By decomposing an audio recording, researchers managed to animate a face but also and above all to apply the emotions transcribed since the audio recording. A find that could improve the graphics in games but also, alas, produce videos type “deepfake” more and more realistic.
A team of researchers from Microsoft has just published an article in which they describe a new system developed to animate faces based solely on an audio recording. This new method takes advantage of advances in the field of deep learning, or deep learning, to create a video of a face that speaks by translating the emotions detected in the voice.
Face animation based on a recording is not completely new, but current methods assume that the sound sample is clear, with no background noise, and with a neutral tone.
The new system uses a variational auto-encoder (VAE) that learns to unravel the various components of the audio recording, including the phonetic part, emotional tone, and background noise. This allows it to be much more robust and to be able to create animations from more natural recordings.

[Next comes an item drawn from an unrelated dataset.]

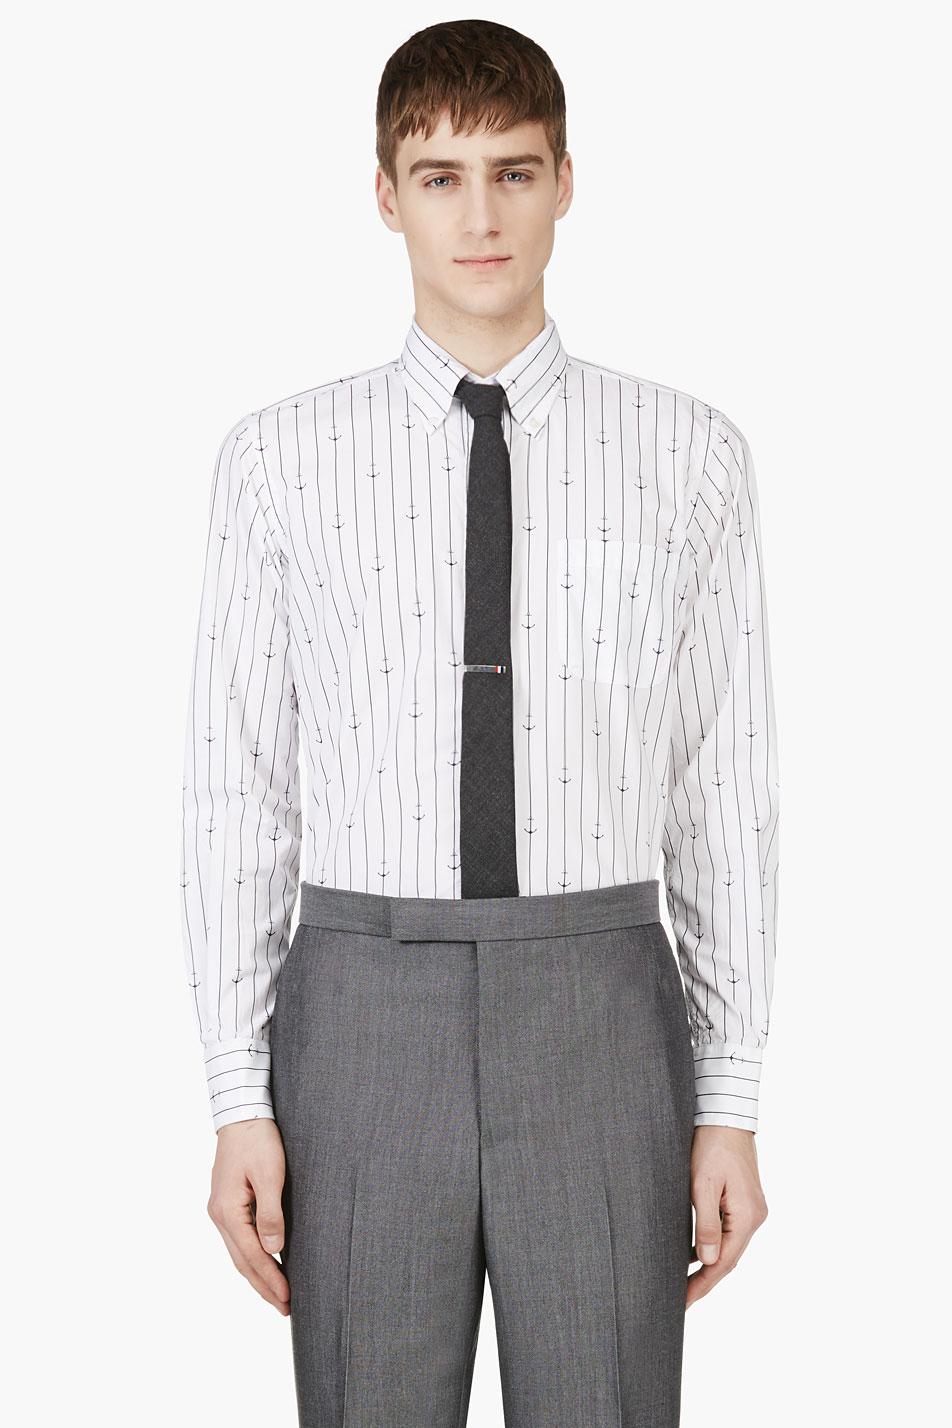 Thom browne white anchor and stripe print shirt for Thom browne white shirt
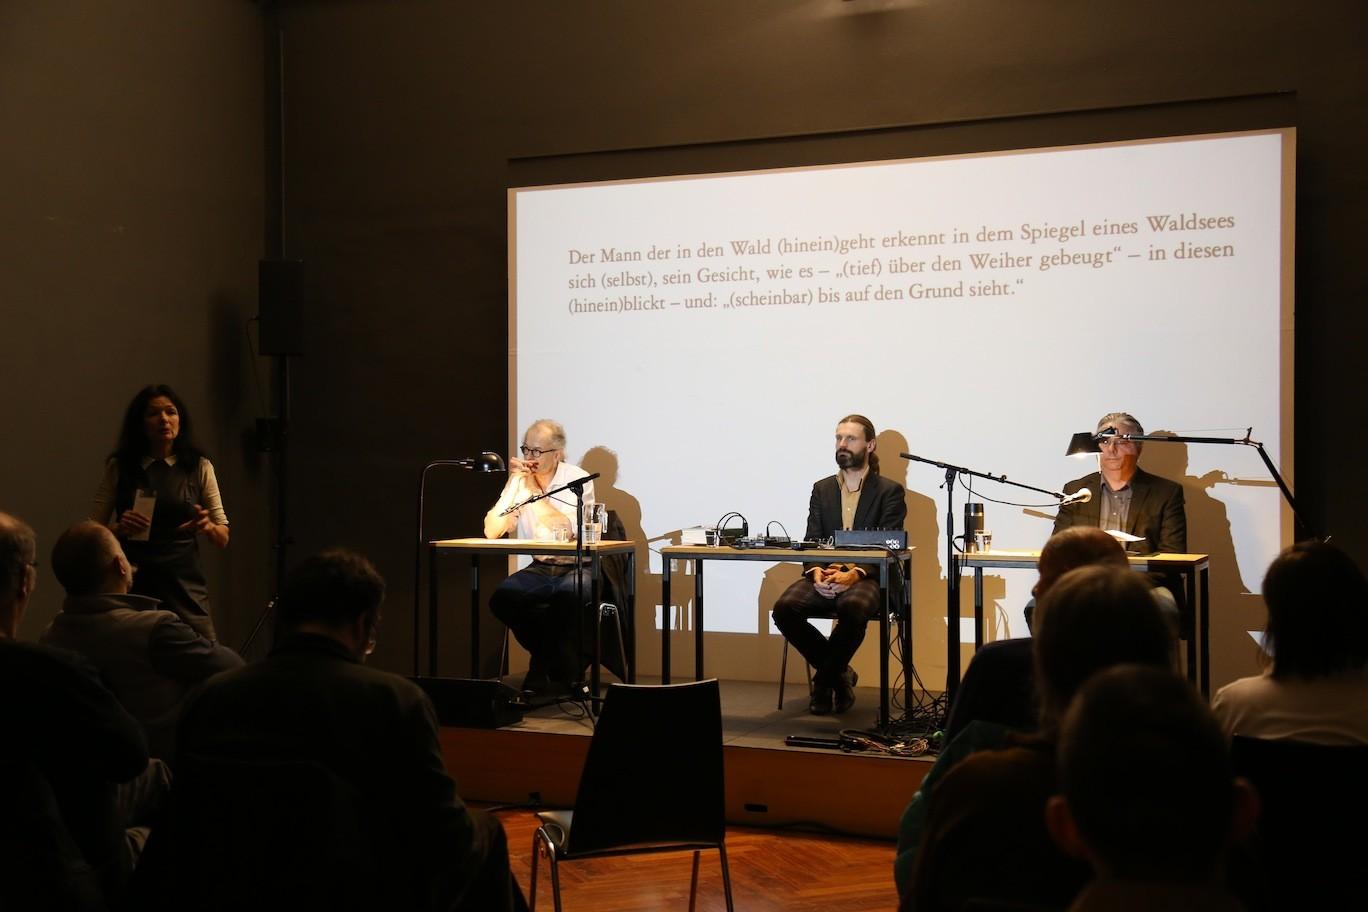 Birgit Pölzl, Sebastian Kiefer, Martin Rumori, Ulrich Schlotmann © Teresa Schnider

Many applications in dubbing and 3D animation
The audio track is broken down into representations that can then be used with different animation methods. However, researchers at Microsoft have used generative antagonist networks (GAN), two neural networks in competition, to create their videos. This allows them not only to animate a face that “speaks”, but also to infuse the emotions transcribed since the audio recording.
Like any technology, it could be abused to create deepfakes. However, the authors focus on more useful applications, such as dubbing a video in another language, 3D avatars generated in real-time, or to improve character animations in video games.